# How much do you pay for turkey necks?



## Unosmom (May 3, 2009)

I found this local seller thats delivers for free (or pick up with 5-10% discount depending on order), she has a case of turkey necks 30 lbs for $55. I cant remember how much I pay at the grocery store (like $3 for a pack of 5-6 necks). 

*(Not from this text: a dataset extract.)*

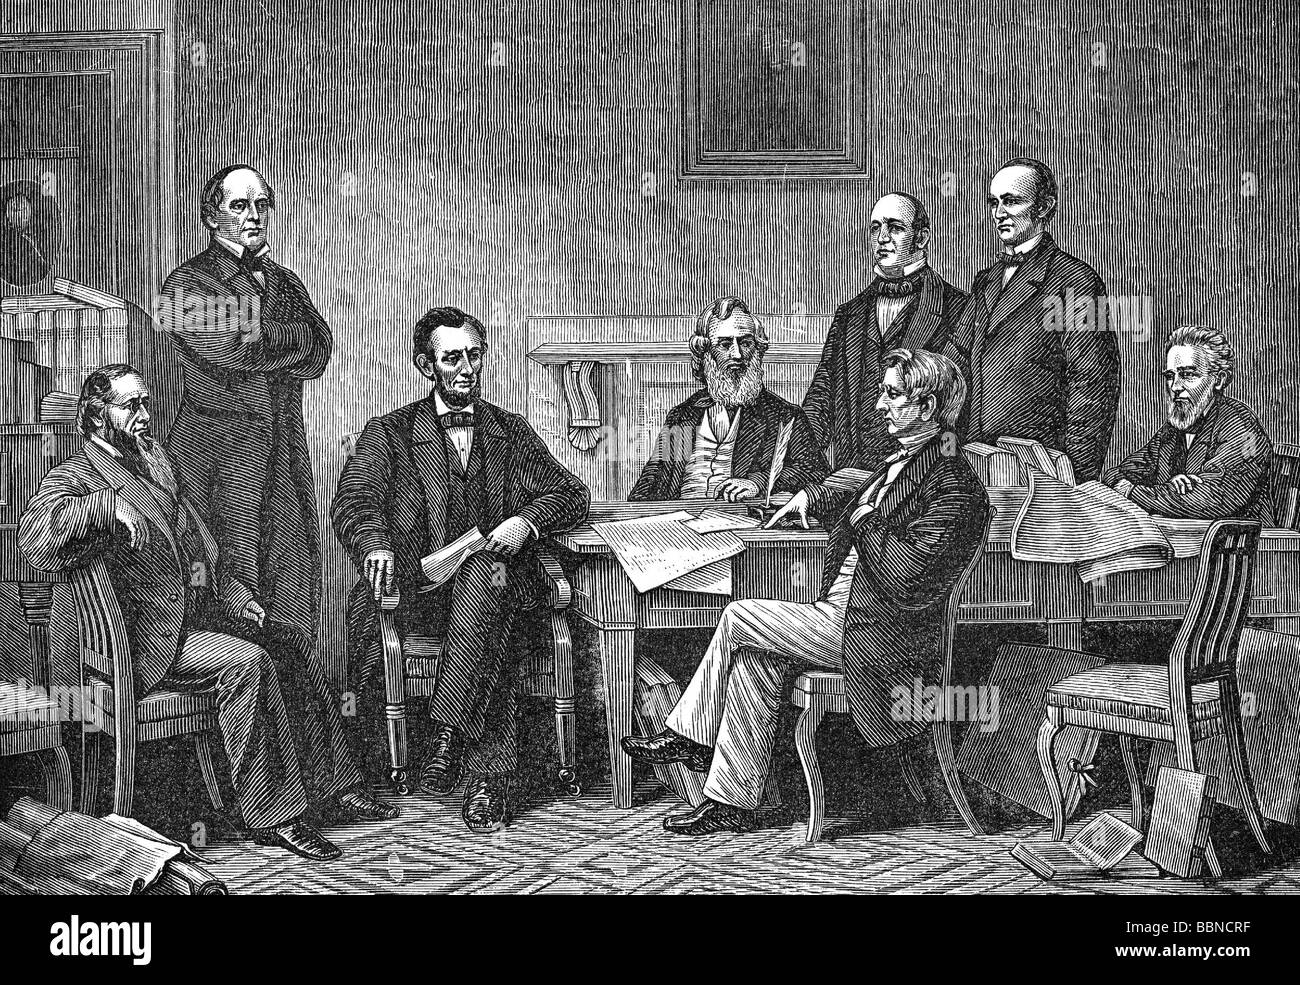 Lincoln, Abraham, 12.2.1809 - 15.4.1865, politico americano (Rep), 16th Presidente degli Stati Uniti 4.3.1861 - 15.4.1865, firma la Proclamazione di emancipazione, Washington DC, 22.9.1862, incisione del legno, 19th secolo, Foto Stock
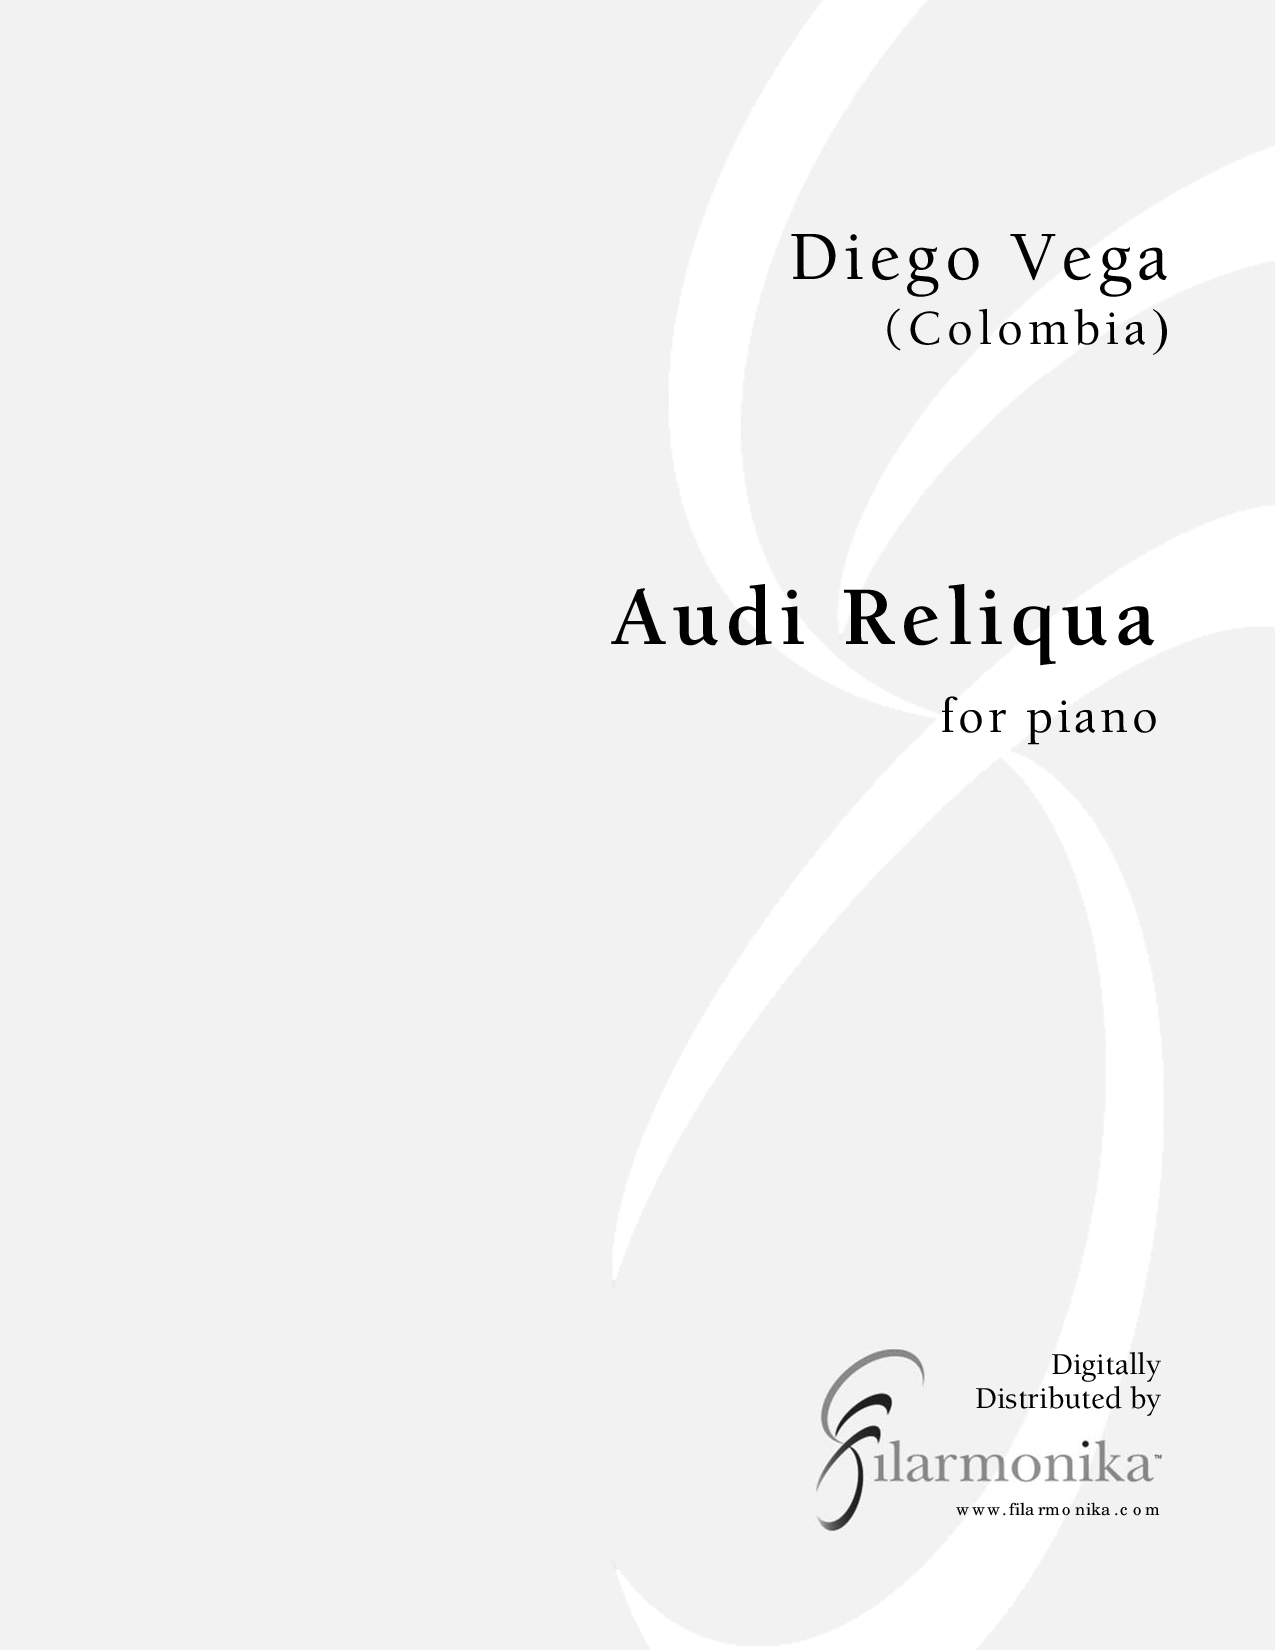 Audi Reliqua, for solo piano

Do you think its a good deal?


----------



## swolek (Mar 31, 2011)

That's a little over $1.80/lb. Too high for me since I can get them much cheaper at the grocery store ($0.99/lb at one store, $1.19/lb at another).


----------



## tem_sat (Jun 20, 2010)

NO WAY...

I pay 67 cents per pound for a 30lb case.


----------



## Unosmom (May 3, 2009)

Thanks, thats what I thought, I'm pretty sure its cheaper at wal-mart but I cant recall the weight of those packs. As much as I'd like to support local business, I'm trying to keep raw as affordable as possible at the moment, money doesent exactly grow on trees.


----------



## twotonelover (Jan 10, 2011)

I get them from the grocery store for .69-.79 per lb, so that seems a little expensive to me?


----------



## kady05 (Jul 29, 2011)

I get a 30lb. case for $29, so yeah, that's way pricey!


----------



## Unosmom (May 3, 2009)

where do you guys by it by case?


----------



## kady05 (Jul 29, 2011)

I get mine at one of my local butchers.


----------



## Sprocket (Oct 4, 2011)

Haven't purchases in bulk yet but the turkey necks here range from 1.49$ - 1.79$ a lb.


----------



## shellbell (Sep 24, 2011)

I pay $35 for a 30lb case. I order it from a local grocery store.


----------



## Unosmom (May 3, 2009)

I guess I'll ask around and see if there are any butchers in the area. Thanks


----------



## rannmiller (Jun 27, 2008)

I just ordered 30 lbs I think at $0.79/lb, I get it from one of the meat wholesalers in my area.


----------



## ciaBrysh (Dec 16, 2011)

I pay $30 for a 30 lb case...way too much!


----------



## doxieluv (Aug 8, 2011)

ouch. i get a case of 30lbs either for $26.50 or $28 from either one of my suppliers. the highest i've seen from a supplier was $33


----------



## twoisplenty (Nov 12, 2008)

I have never bought turkey necks, I need to find a supplier but we get chicken necks for .50 lb


----------



## Noodlesmadison (Sep 18, 2011)

I pay about 69 cents a pound for necks, sometimes less


----------



## Dude and Bucks Mamma (May 14, 2011)

From our local butcher, we get a 30 lb case for $22.55


----------



## Aerodogs (Jan 14, 2012)

I pay $28 for a 30lb case. You should talk to your local butcher and see if they can give you a better deal.


----------